ALL: But still, in matters vegetable, animal, and mineral,
He is the very model of a modern Major-General.
GENERAL STANLEY: And now that I've introduced myself, I should like to
have some idea of what's going on.

This classic example of witty lyrics on Gilbert's part serves to introduce the grand figure of Major General in a way similar to Sir Joseph's 'When I was a Lad' in HMS Pinafore.


KING: Although our dark career
Sometimes involves the crime of stealing,
We rather think that we're
Not altogether void of feeling.
Although we live by strife,
We're always sorry to begin it,
For what, we ask, is life
Without a touch of Poetry in it?
(all kneel)


ALL: Hail, Poetry, thou heav'n-born maid!
Thou gildest e'en the pirate's trade.
Hail, flowing fount of sentiment!
All hail, all hail, divine emollient!
(all rise)
KING: You may go, for you're at liberty, our pirate rules
protect you,
And honorary members of our band we do elect you!

Gilbert often targets British custom, honor, and nobility through obnoxiously absurd display of it.
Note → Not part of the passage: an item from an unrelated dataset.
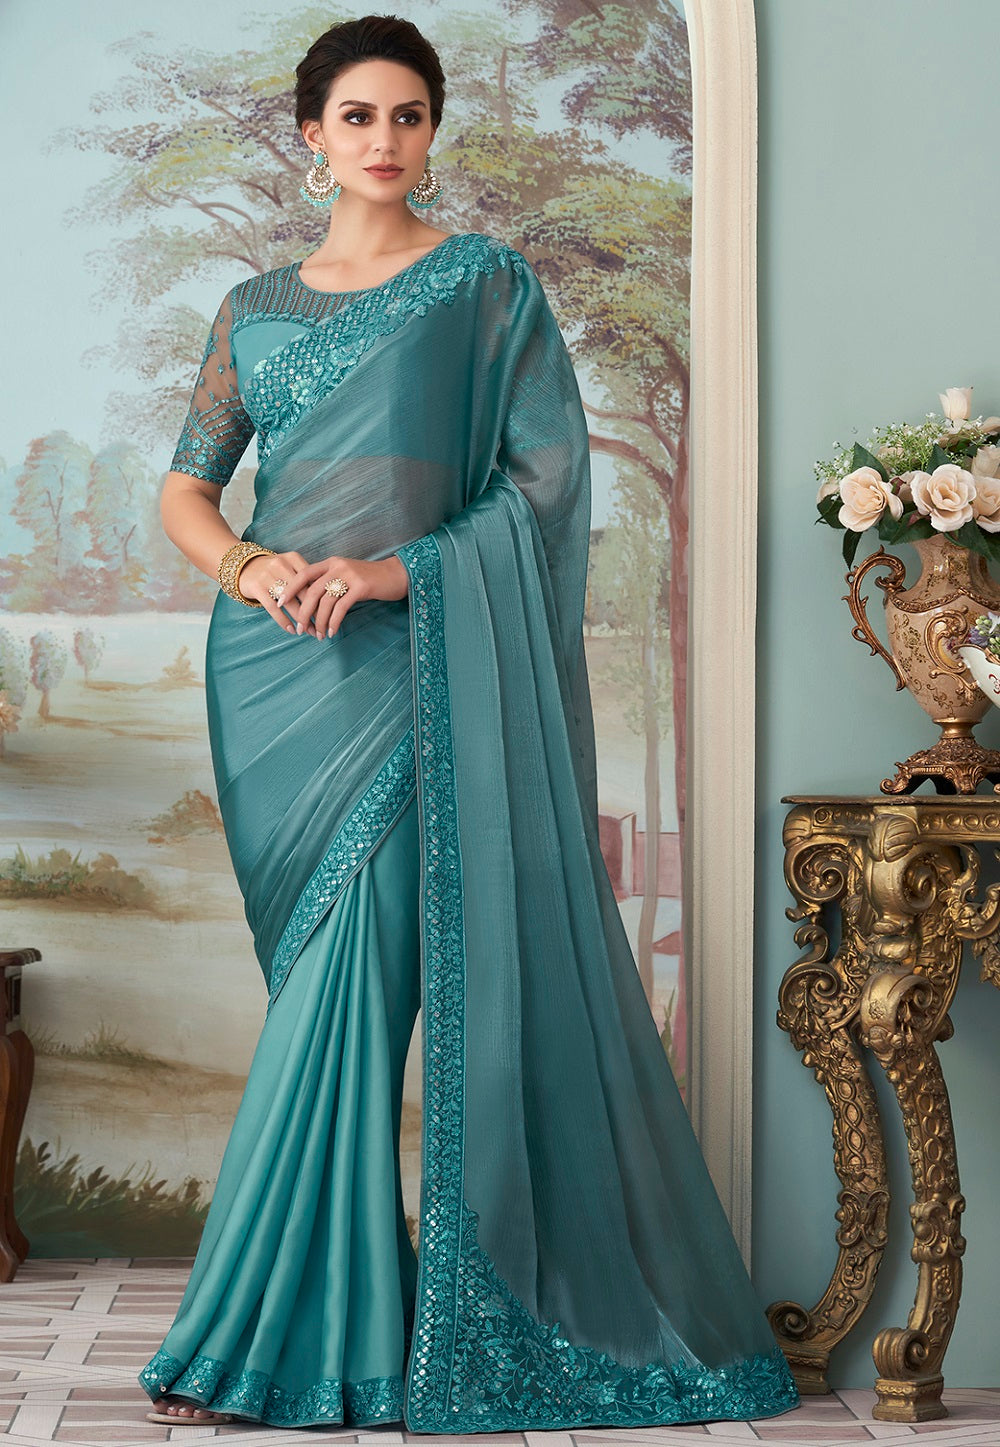 Georgette Silk Embroidered Saree in Teal Blue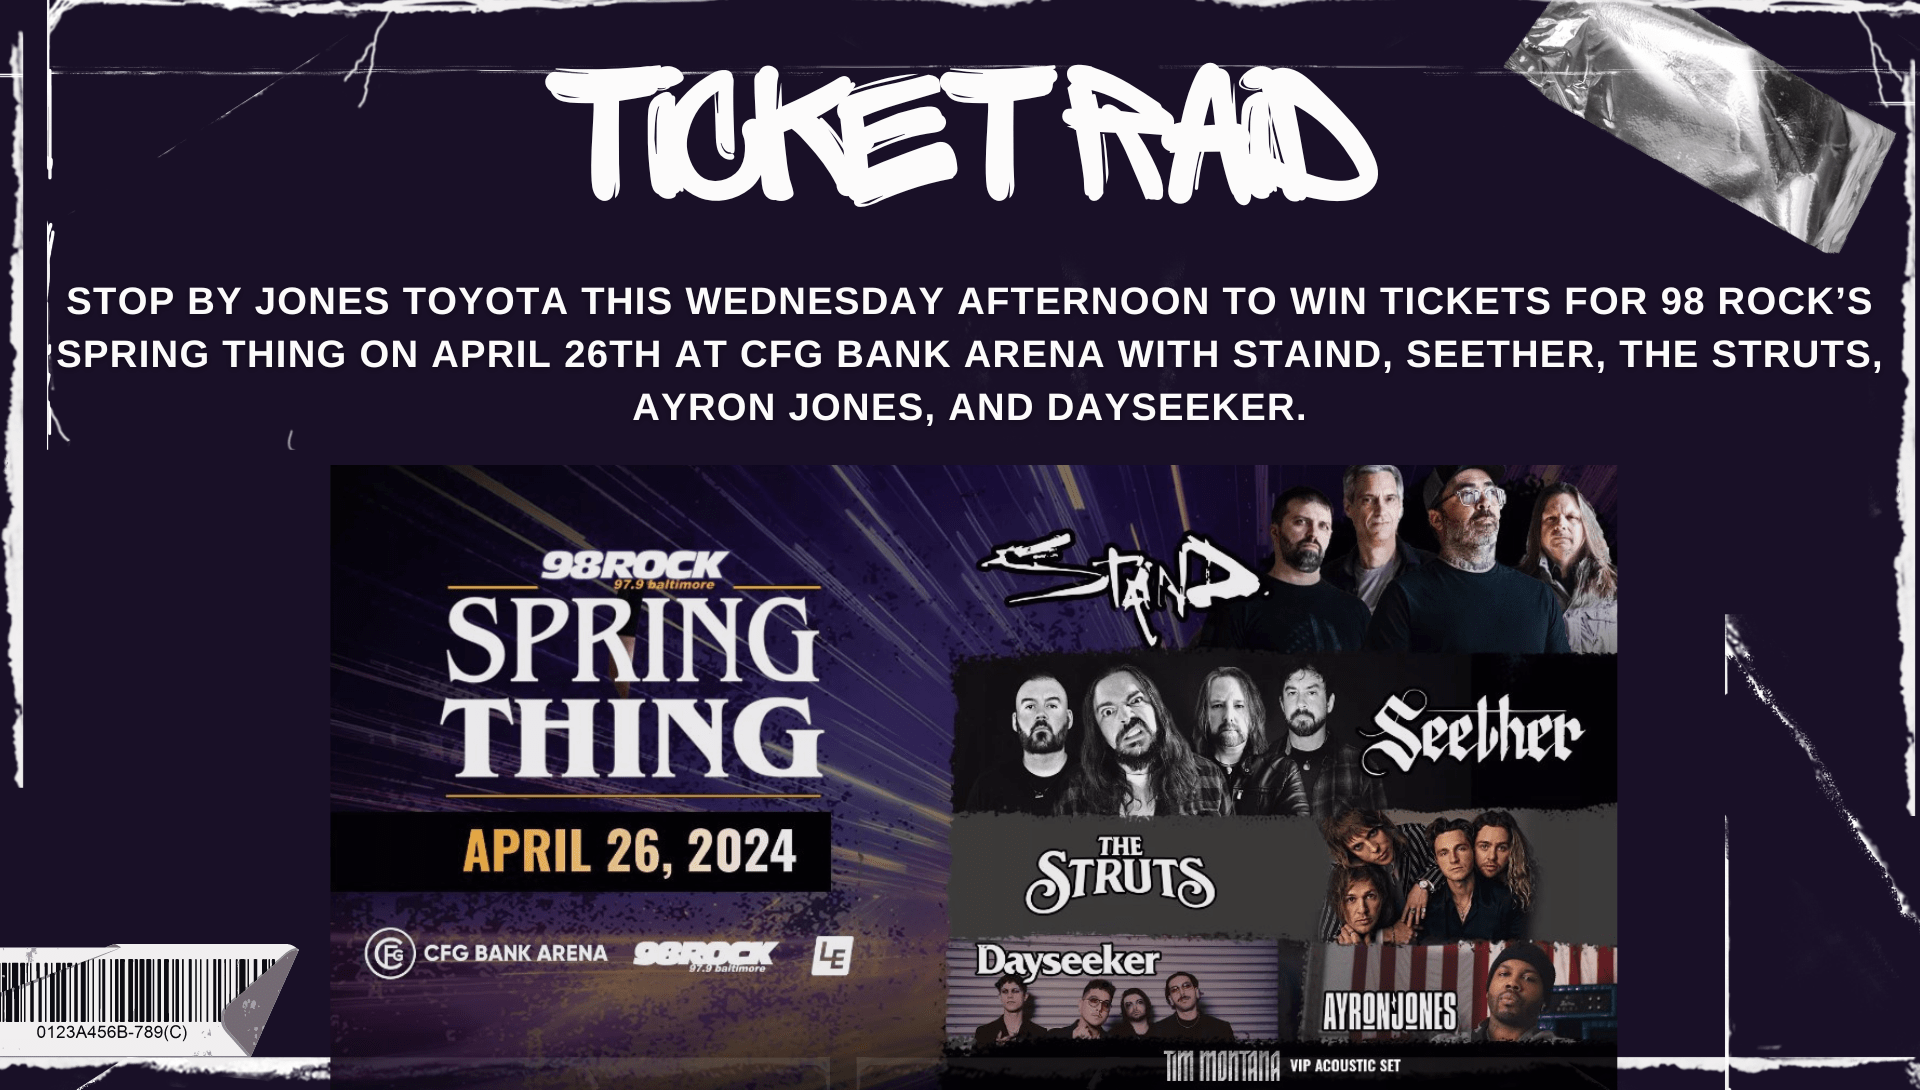 It’s a 98 Rock Ticket Raid! Stop by Jones Toyota this Wednesday afternoon to win tickets for 98 ROCK’s SPRING THING April 26th at CFG Bank Arena with STAIND, SEETHER, THE STRUTS, AYRON JONES, and DAYSEEKER. The 98 ROCK Street Team will be on hand to give away a pair of Reserved Seats every 15 minutes between 5pm-7pm!

Here pirates are seen discussing poetry along side the crimes of stealing in a mockery of hypocrisy among the cultured (for the pirates are revealed as former noblemen turned bad).


POLICE SERGEANT

When the foeman bares his steel,
Tarantara! tarantara!
We uncomfortable feel,
Tarantara!
And we find the wisest thing,
Tarantara! tarantara!
Is to slap our chests and sing,
Tarantara!
For when threatened with meutes,
Tarantara! tarantara!
And your heart is in your boots,
Tarantara!
There is nothing brings it round
Like the trumpet's martial sound,
Like the trumpet's martial sound
Tarantara! tarantara!, etc.

MABEL: Go, ye heroes, go to glory,
Though you die in combat gory,
Ye shall live in song and story.
Go to immortality!
Go to death, and go to slaughter;
Die, and every Cornish daughter
With her tears your grave shall water.
Go, ye heroes, go and die!

GIRLS: Go, ye heroes, go and die! Go, ye heroes, go and die!
POLICE: Though to us it's evident,
Tarantara! tarantara!
These attentions are well meant,
Tarantara!
Such expressions don't appear,
Tarantara! tarantara!
Calculated men to cheer
Tarantara!
Who are going to meet their fate
In a highly nervous state.
Tarantara! tarantara! tarantara!
Still to us it's evident
These attentions are well meant.
Tarantara! tarantara! tarantara!

EDITH: Go and do your best endeavour,
And before all links we sever,
We will say farewell for-ever.
Go to glory and the grave!
GIRLS: For your foes are fierce and ruthless,
False, unmerciful, and truthless;
Young and tender, old and toothless,
All in vain their mercy crave.

SERGEANT: We observe too great a stress,
On the risks that on us press,
And of reference a lack
To our chance of coming back.
Still, perhaps it would be wise
Not to carp or criticise,
For it's very evident
These attentions are well meant.
POLICE: Yes, it's very evident
These attentions are well meant,
Evident, yes, well meant, evident
Ah, yes, well meant!

This song serves primarily as a comic device poking fun at cowardice by employing exaggeration. Mabel sings to urge on the police into "death" in battle with the pirates by ordering them to go and "die" heroic deaths. She doesn't stop to notice, though, that the police are a rather nervous group with evident incompetence and an excessive care for order and regulation as guides to action.
 
selfactivated
#88
"In three words I can sum up everything I've learned about life: It goes on." -- Robert Frost
 
SashaS
#89
Mourn the losses, because they are many, but celebrate the victories, because they are few. - Debbie Novotny
 
tamarin
#90
Saw it in Sports Illustrated in an article on Pat Tillman:

"Fear is what prevents men from living extraordinary lives."